London 2012

Berliner Beach-Boys greifen nach olympischem Gold

Julius Brink und Jonas Reckermann kämpfen im Beachvolleyball-Finale gegen die brasilianischen Weltmeister Alison Cerutti und Emanuel Rego.

Foto: DAPD

Minutenlang saß Julius Brink einfach nur da, wie abgeschottet von der Außenwelt. Der 30 Jahre alte Beachvolleyballer hatte sich ein Handtuch über den Kopf geworfen, versteckte sich so vor dem Scheinwerferlicht und den tausenden Zuschauern. Der auf dem Feld stets so emotionale, auch schon mal aufbrausende Typ brauchte Zeit für sich. „Ich war einfach nur glücklich, es war schwer zu begreifen, was da gerade passiert war“, sagte er später über diese Szene. „Irgendwann realisierst du dann, dass du nicht mehr aufstehen und zurück aufs Feld musst. Dass da keiner mehr pfeift. Du kannst dich fallen lassen und dich einfach nur freuen. Pures Glück.“

Brink und Jonas Reckermann (33) hatten sich kurz zuvor ins olympische Finale von London (heute, 22 Uhr) gespielt und für den bisher größten Erfolg im deutschen Beachvolleyball gesorgt. Durch ein ungefährdetes 2:0 im Halbfinale gegen die Niederländer Reinder Nummerdoor/Rich Schuil ist dem Duo vom VC Olympia Berlin Silber schon sicher. „Das ist der sportlich größte Moment meines Lebens.

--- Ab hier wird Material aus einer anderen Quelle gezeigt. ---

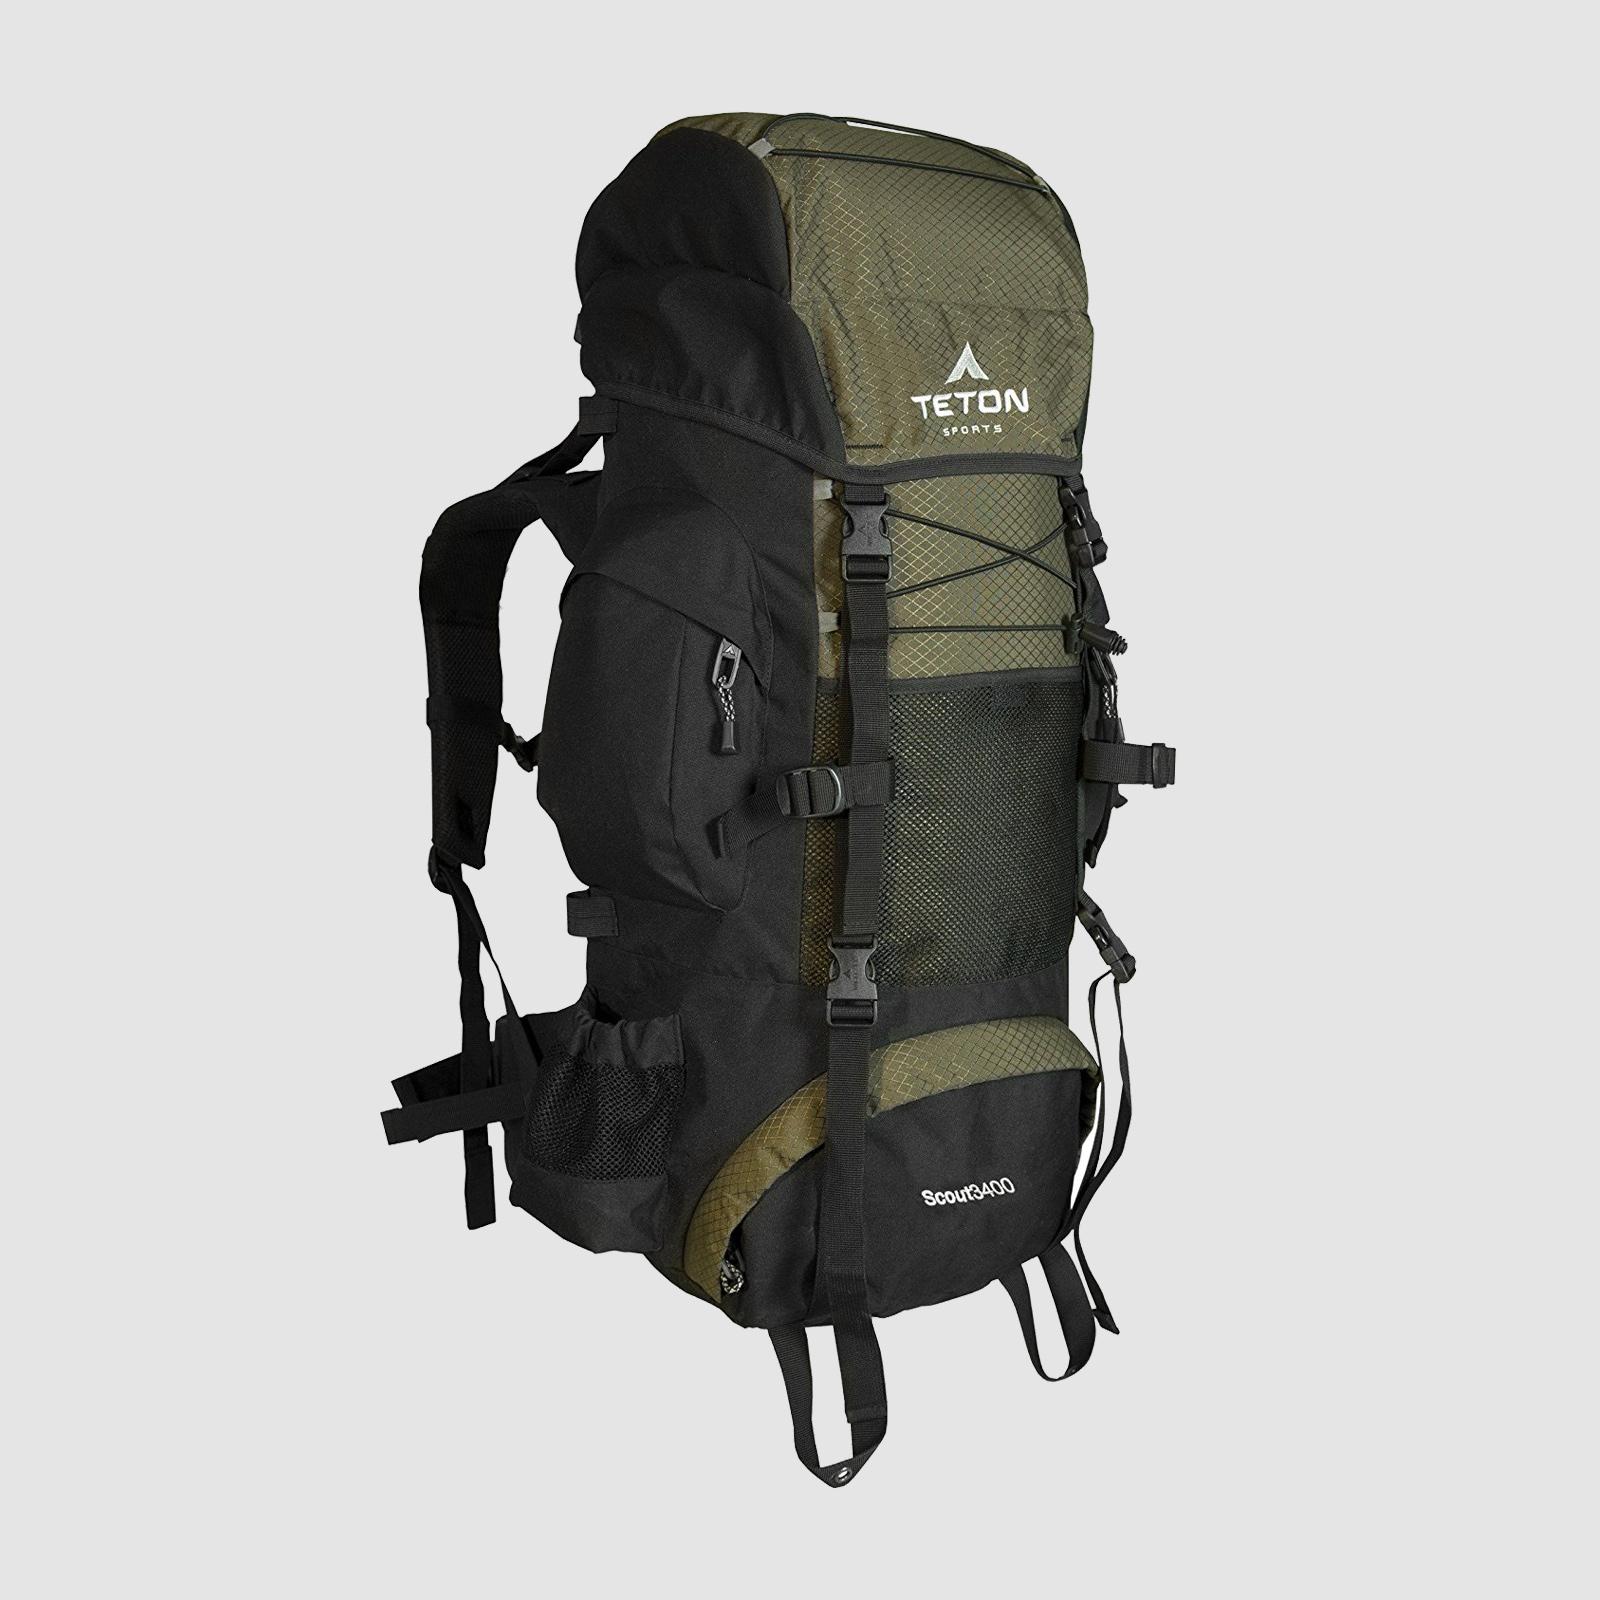 Teton Sports Scout 3400 Internal Frame Backpack | $55-$60 | Amazon
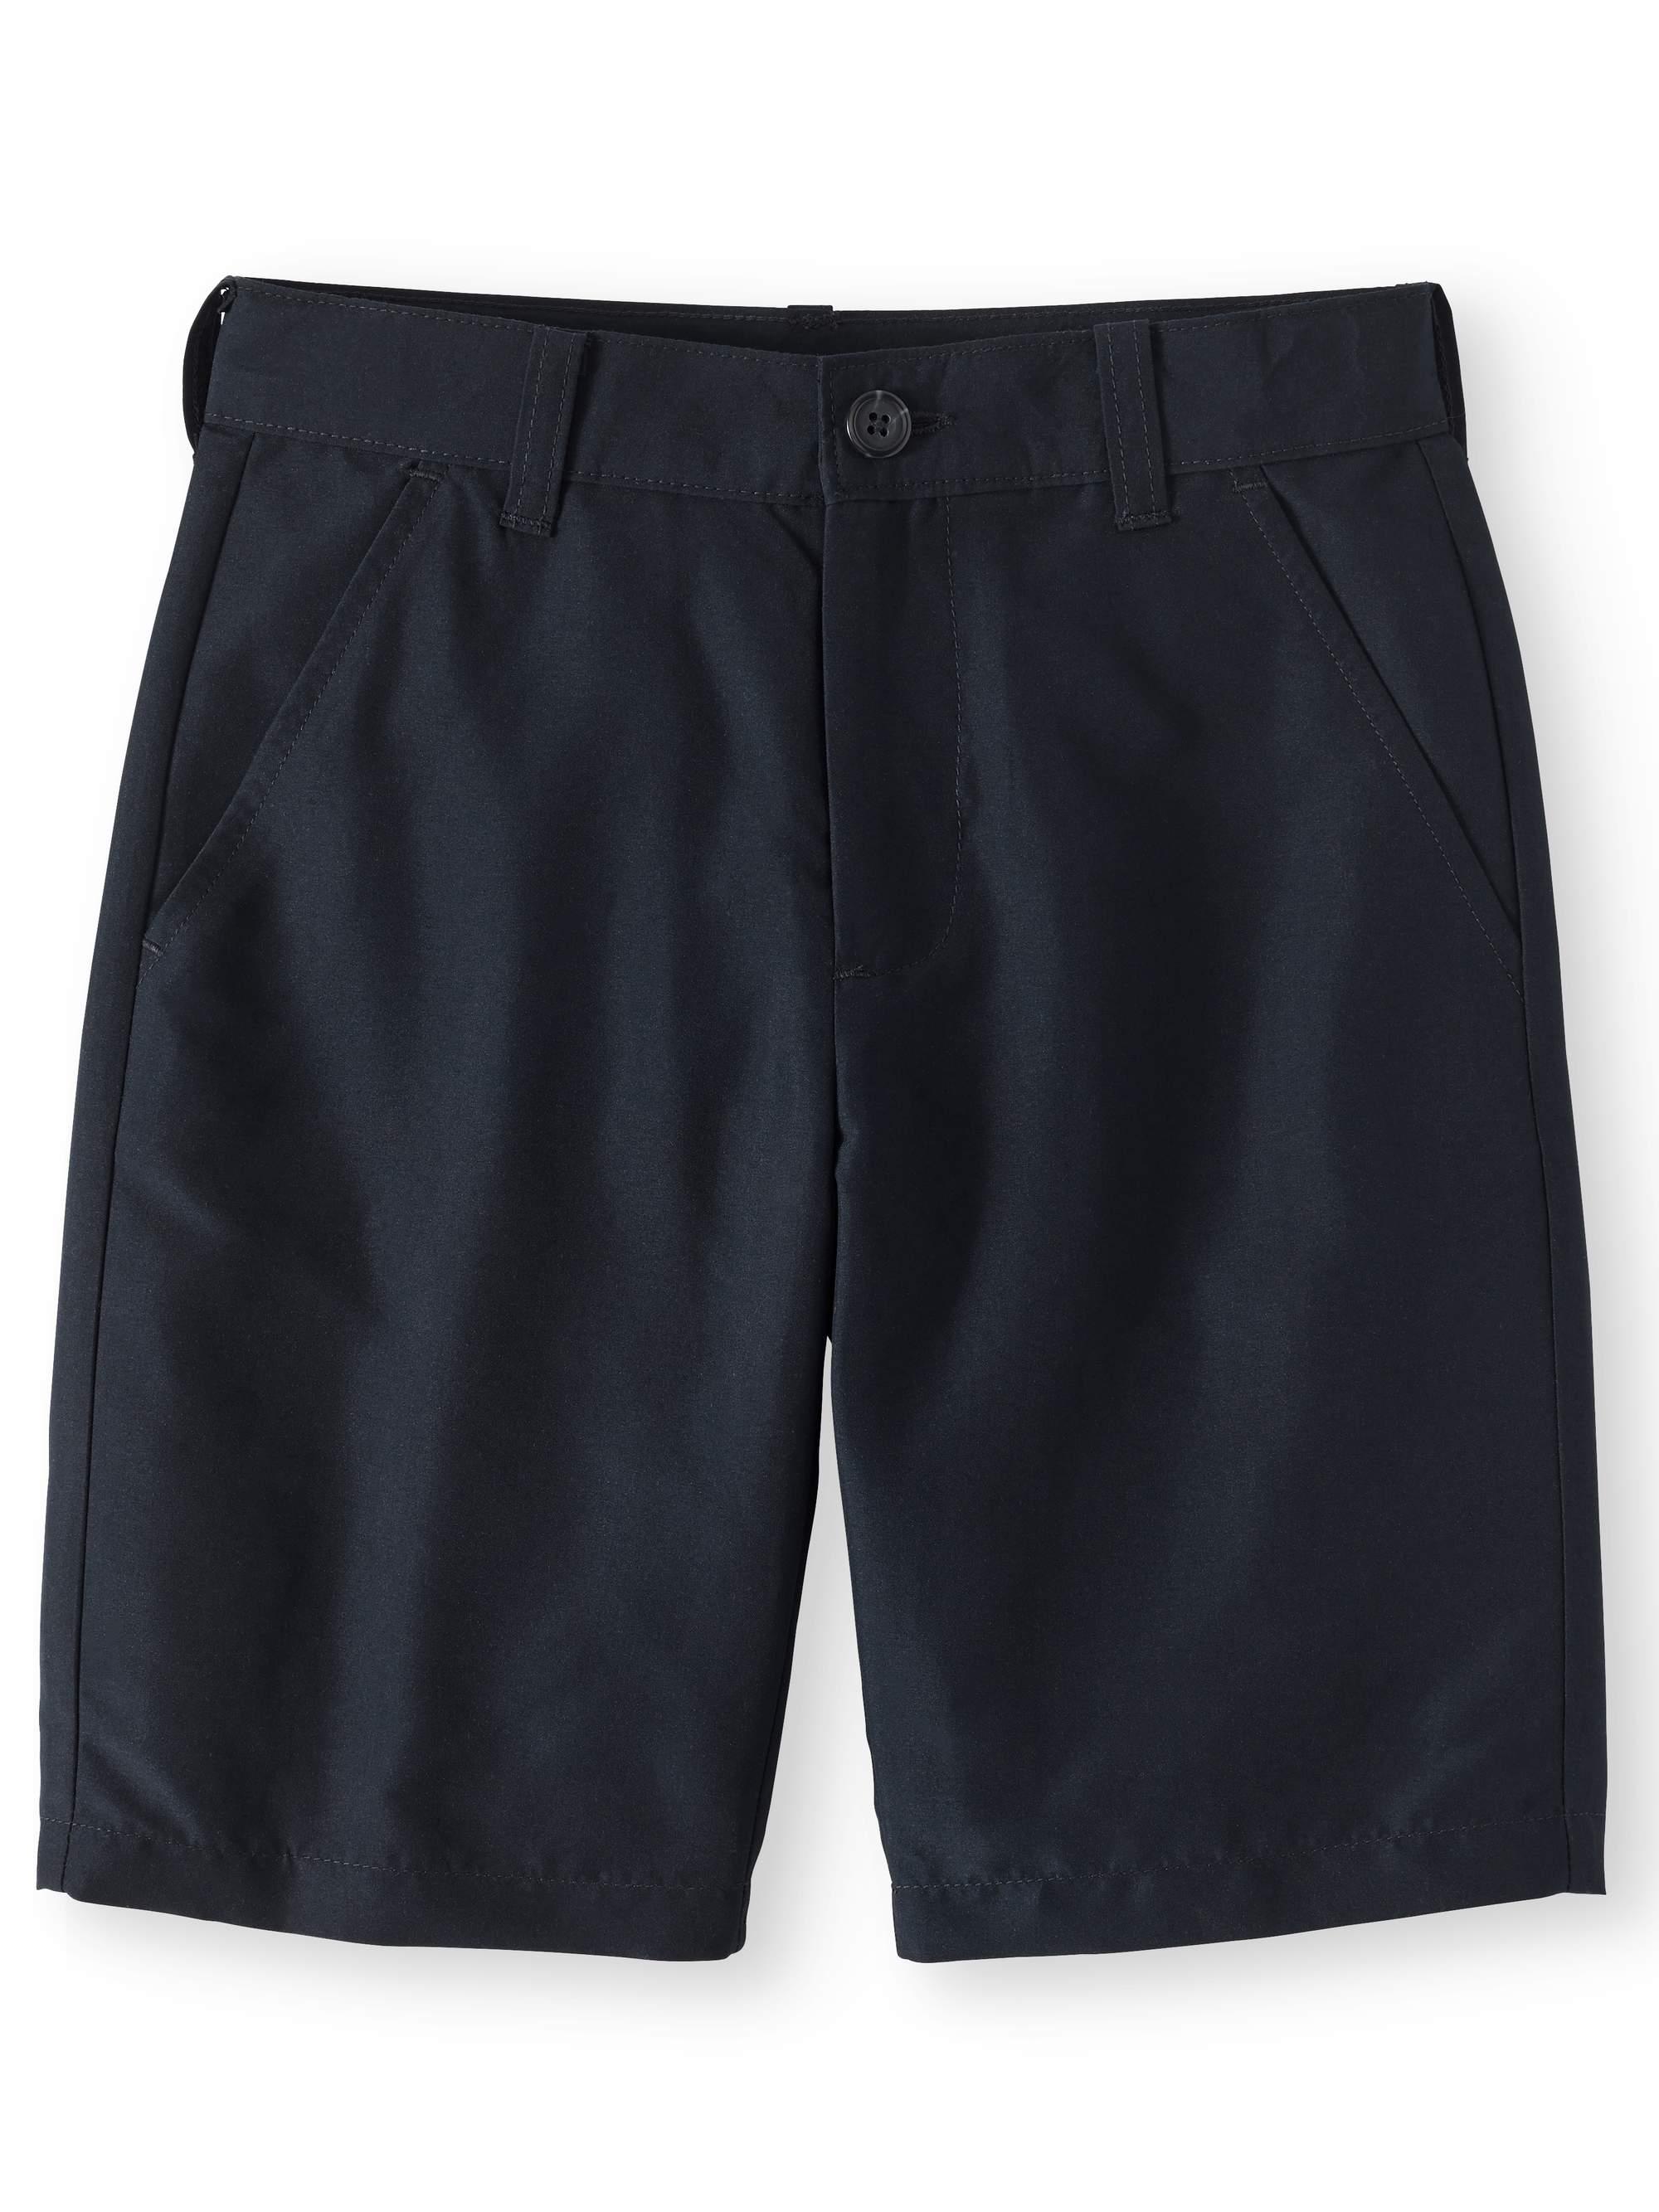 Boys School Uniform Performance Shorts

Ich bin überwältigt davon, dass wir das geschafft haben“, sagte Zwei-Meter-Hüne Reckermann.

Damit hat er gemeinsam mit Brink das Duo Jörg Ahmann und Axel Hager übertroffen, das bei den Spielen 2000 in Sydney sensationell Bronze gewonnen hatte. „Das waren zwölf lange Jahre. Ich bin so froh, dass die beiden jetzt auch eine Medaille haben“, sagt der heute als Bundestrainer tätige Ahmann und blickte gleich in Zukunft. „So können wir die Öffentlichkeit auf diese geniale Sportart aufmerksam machen. Das kann der Beginn eines Beach-Booms sein.“

Für Brink und Reckermann geht es aber erst einmal um den Olympiasieg. Im Finale bekommen sie es nun ausgerechnet mit den Weltmeistern Alison Cerutti und Emanuel Rego aus Brasilien zu tun. „Wir haben nichts zu verlieren“, sagt Reckermann. „Jetzt wollen wir Gold holen.“

Gegner zwei Jahre nicht bezwungen

Die Weltmeister von 2009 hatten sich zuvor immer gewunden, eine klare Ansage zu ihren Zielen in London zu machen. Wer lange genug nachbohrte, der hörte zumindest von Brink Sätze wie: „Klar, eine Medaille ist immer unser Ziel.“ Das klang wie beiläufig gesagt. Bloß keinen Druck aufbauen. Wie groß aber der Wunsch des Duos tatsächlich war, zeigten neben der Handtuch-Szene von Brink auch schon die ersten Sekunden nach dem Halbfinalsieg. Brink jubelte gar nicht, er fiel einfach nur in den Sand. Reckermann warf sich obendrauf. Noch Minuten nach dem verwandelten Matchball ballte der lange Blockspezialist immer wieder die Faust, während sich Brink langsam von seinem Stuhl aufraffte, das Handtuch beiseite legte und dem Publikum applaudierte. „Wir haben diese Medaille, von der wir immer geträumt haben. Wir haben uns nie getraut, es auszusprechen, aber wir wollten sie haben. Es ist einfach großartig“, sagte Brink.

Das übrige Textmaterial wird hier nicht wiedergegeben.